- **PROMPT**
Give the data below again exactly as it stands. Omit the pictures.

- **DATA SHOWN**
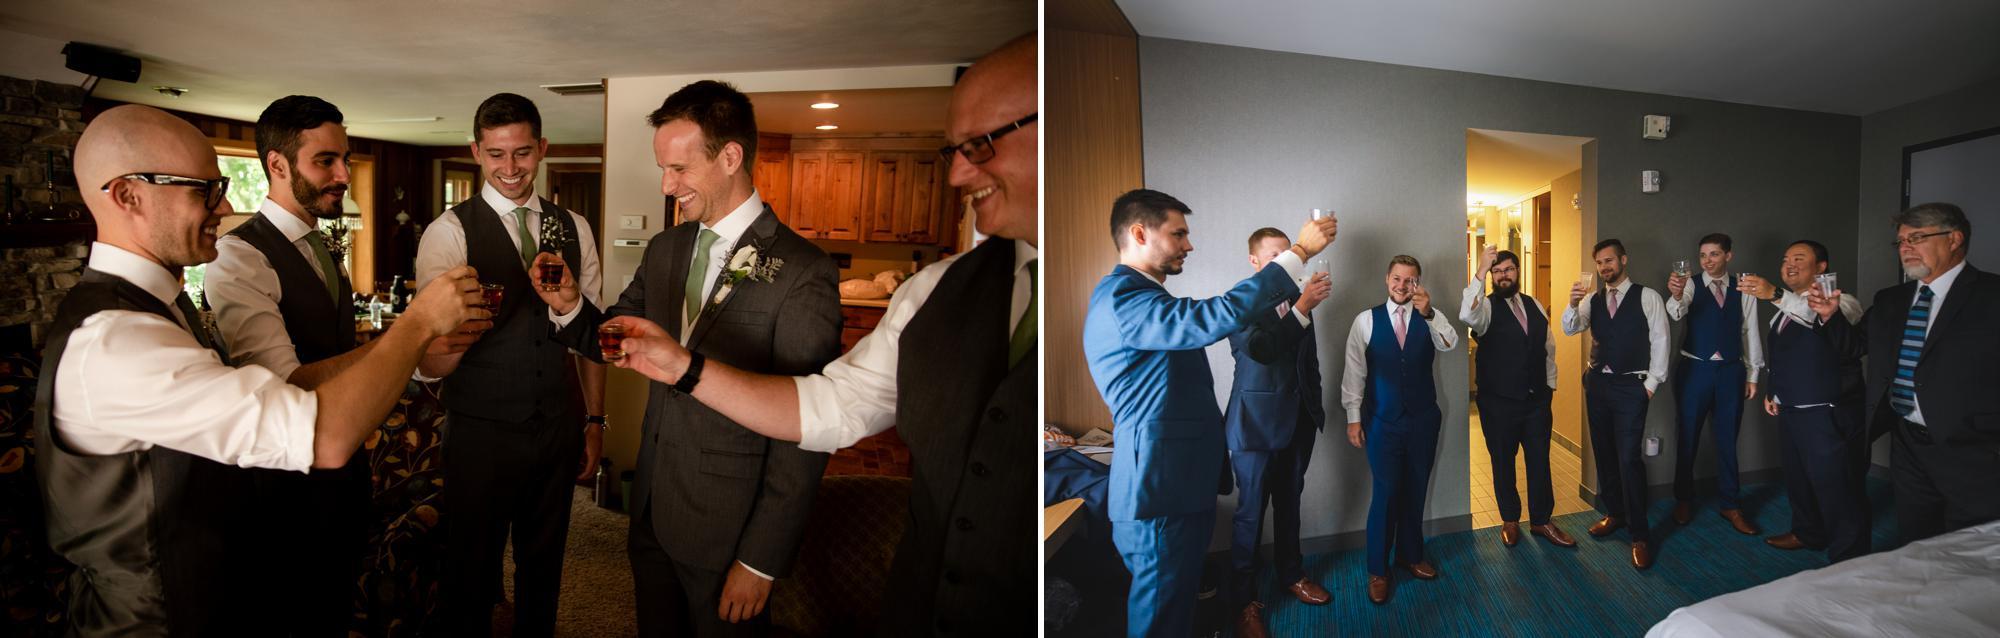 Wisconsin-Wedding-Photography-Blog-27
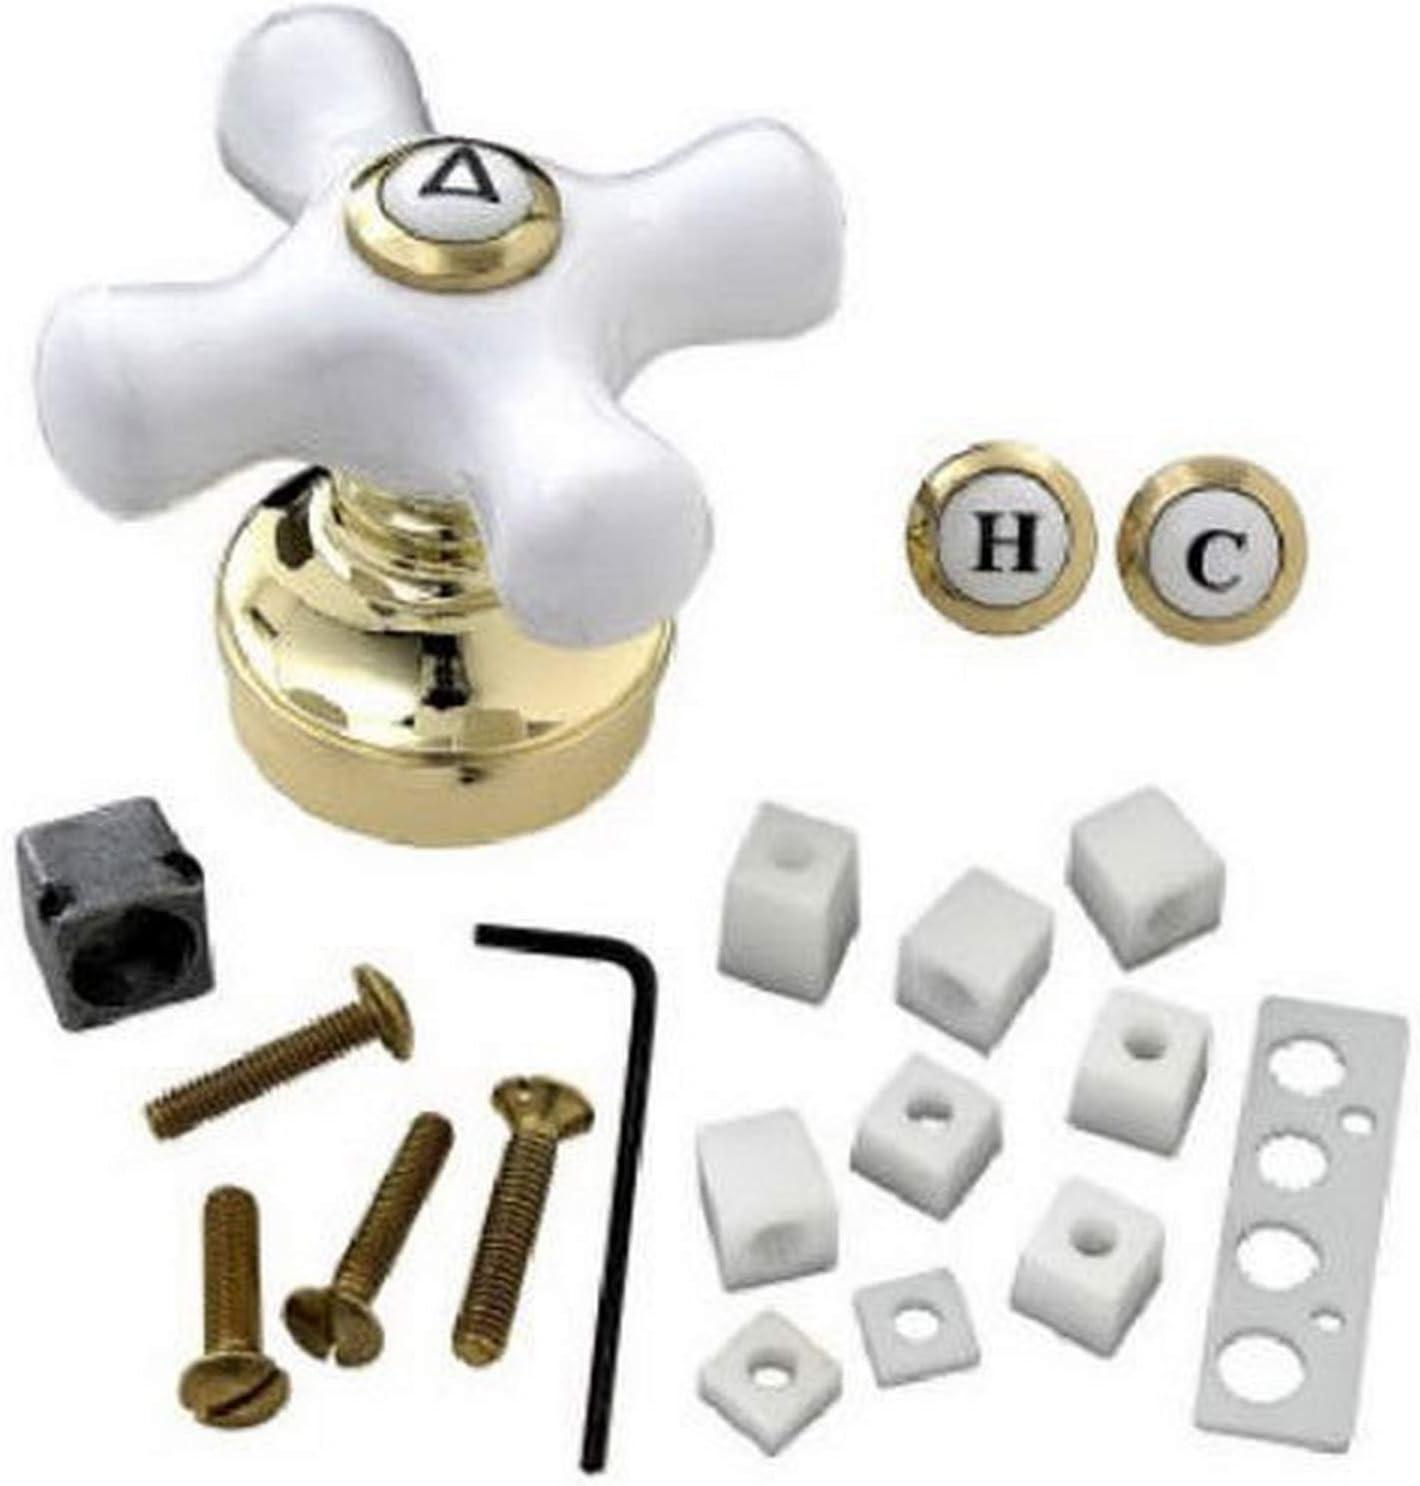 BrassCraft SH5740 Handle PB CROSS HNDL WHITE DESIGN Elegant TIP FAUCET Minneapolis Mall
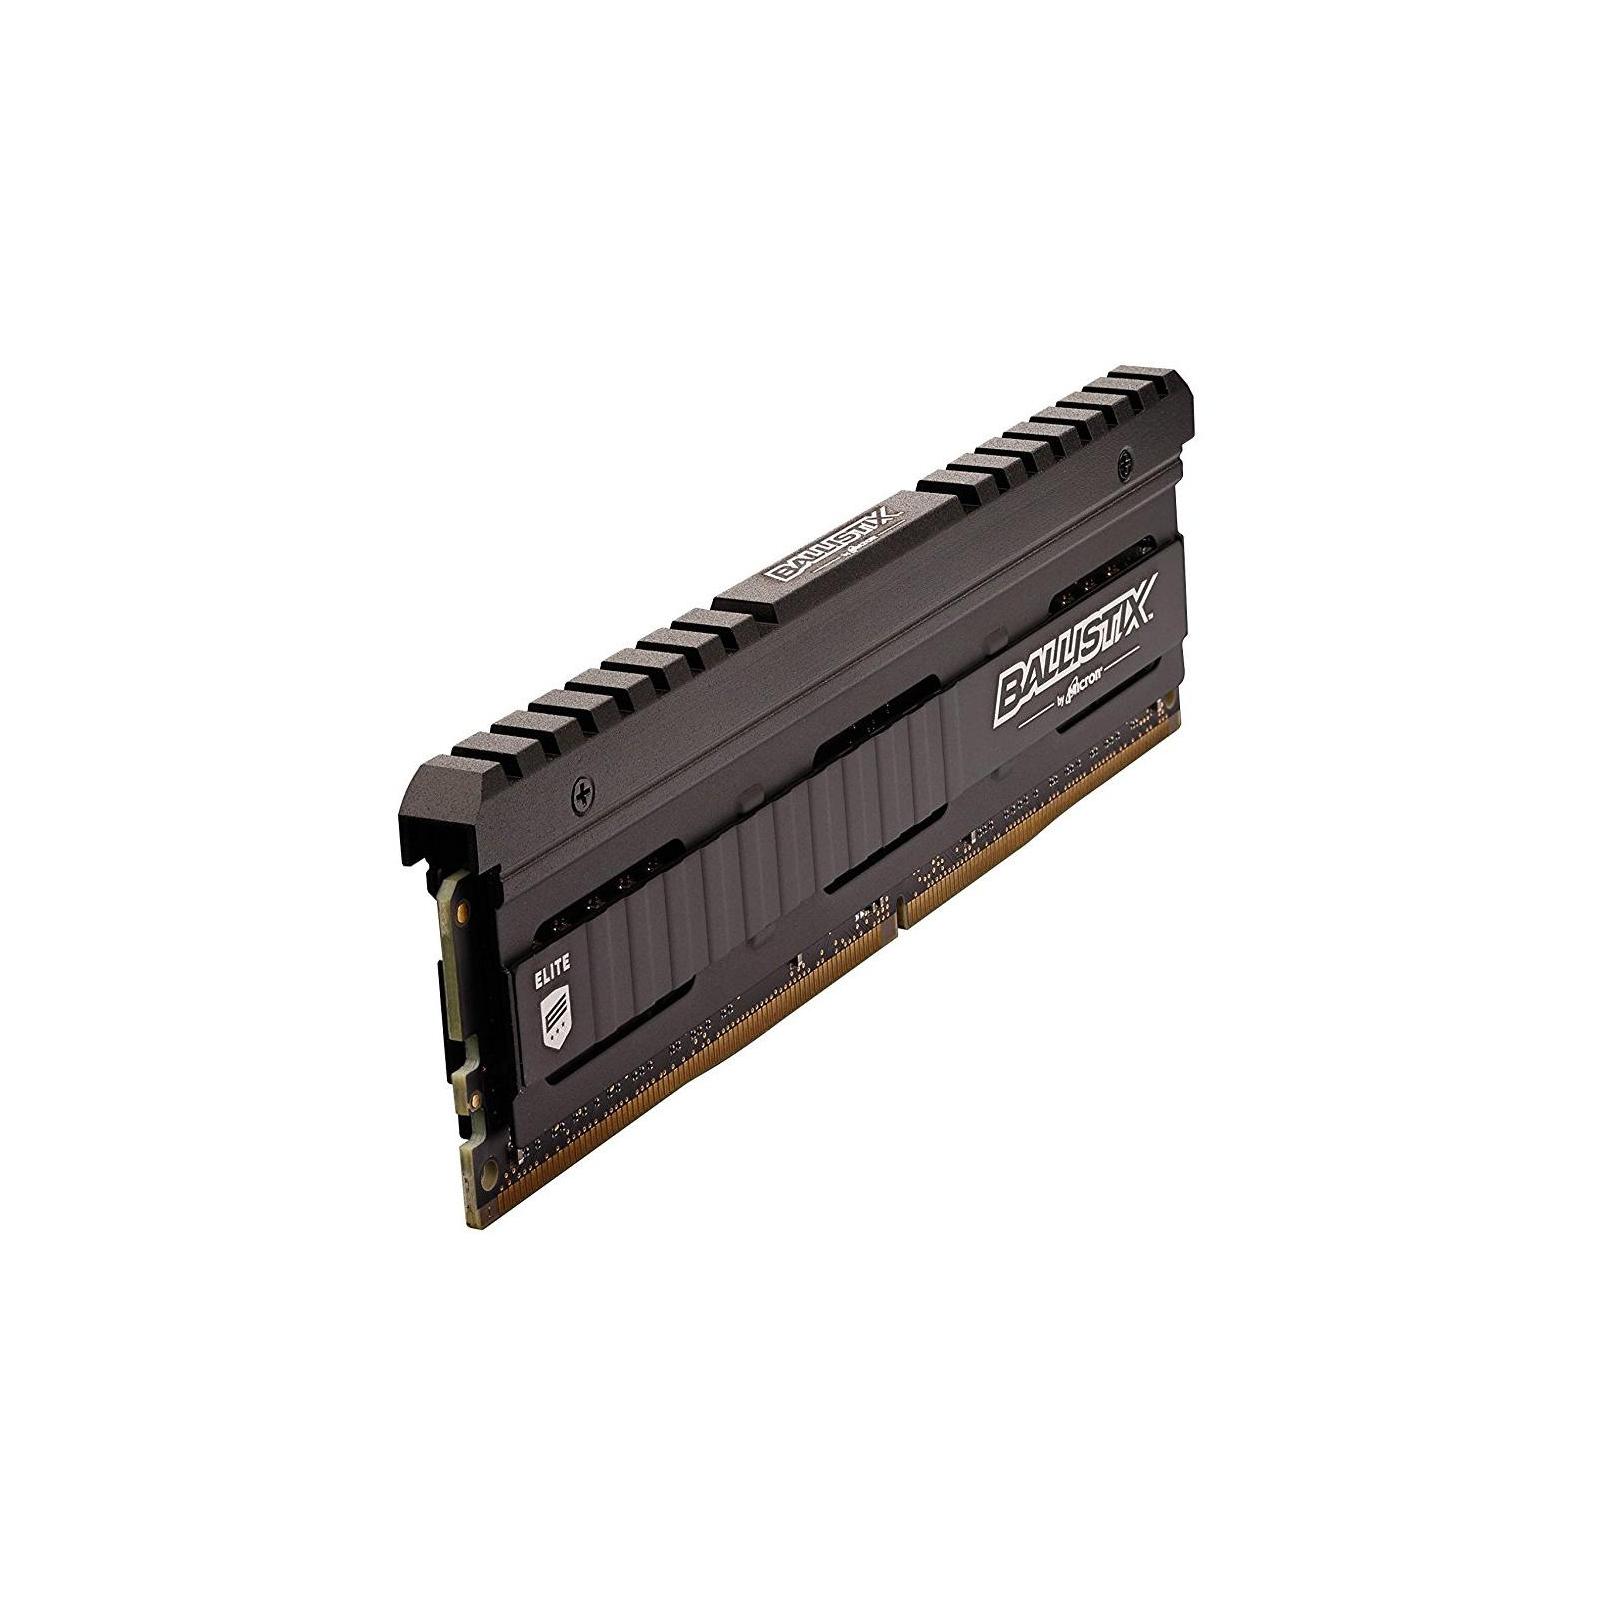 Модуль памяти для компьютера DDR4 16GB (2x8GB) 3200 MHz Ballistix Elite Micron (BLE2C8G4D32BEEAK) изображение 2

- **RESULT OF THE TASK**
 Wisconsin-Wedding-Photography-Blog-27
 BrassCraft SH5740 Handle PB CROSS HNDL WHITE DESIGN Elegant TIP FAUCET Minneapolis Mall
 Модуль памяти для компьютера DDR4 16GB (2x8GB) 3200 MHz Ballistix Elite Micron (BLE2C8G4D32BEEAK) изображение 2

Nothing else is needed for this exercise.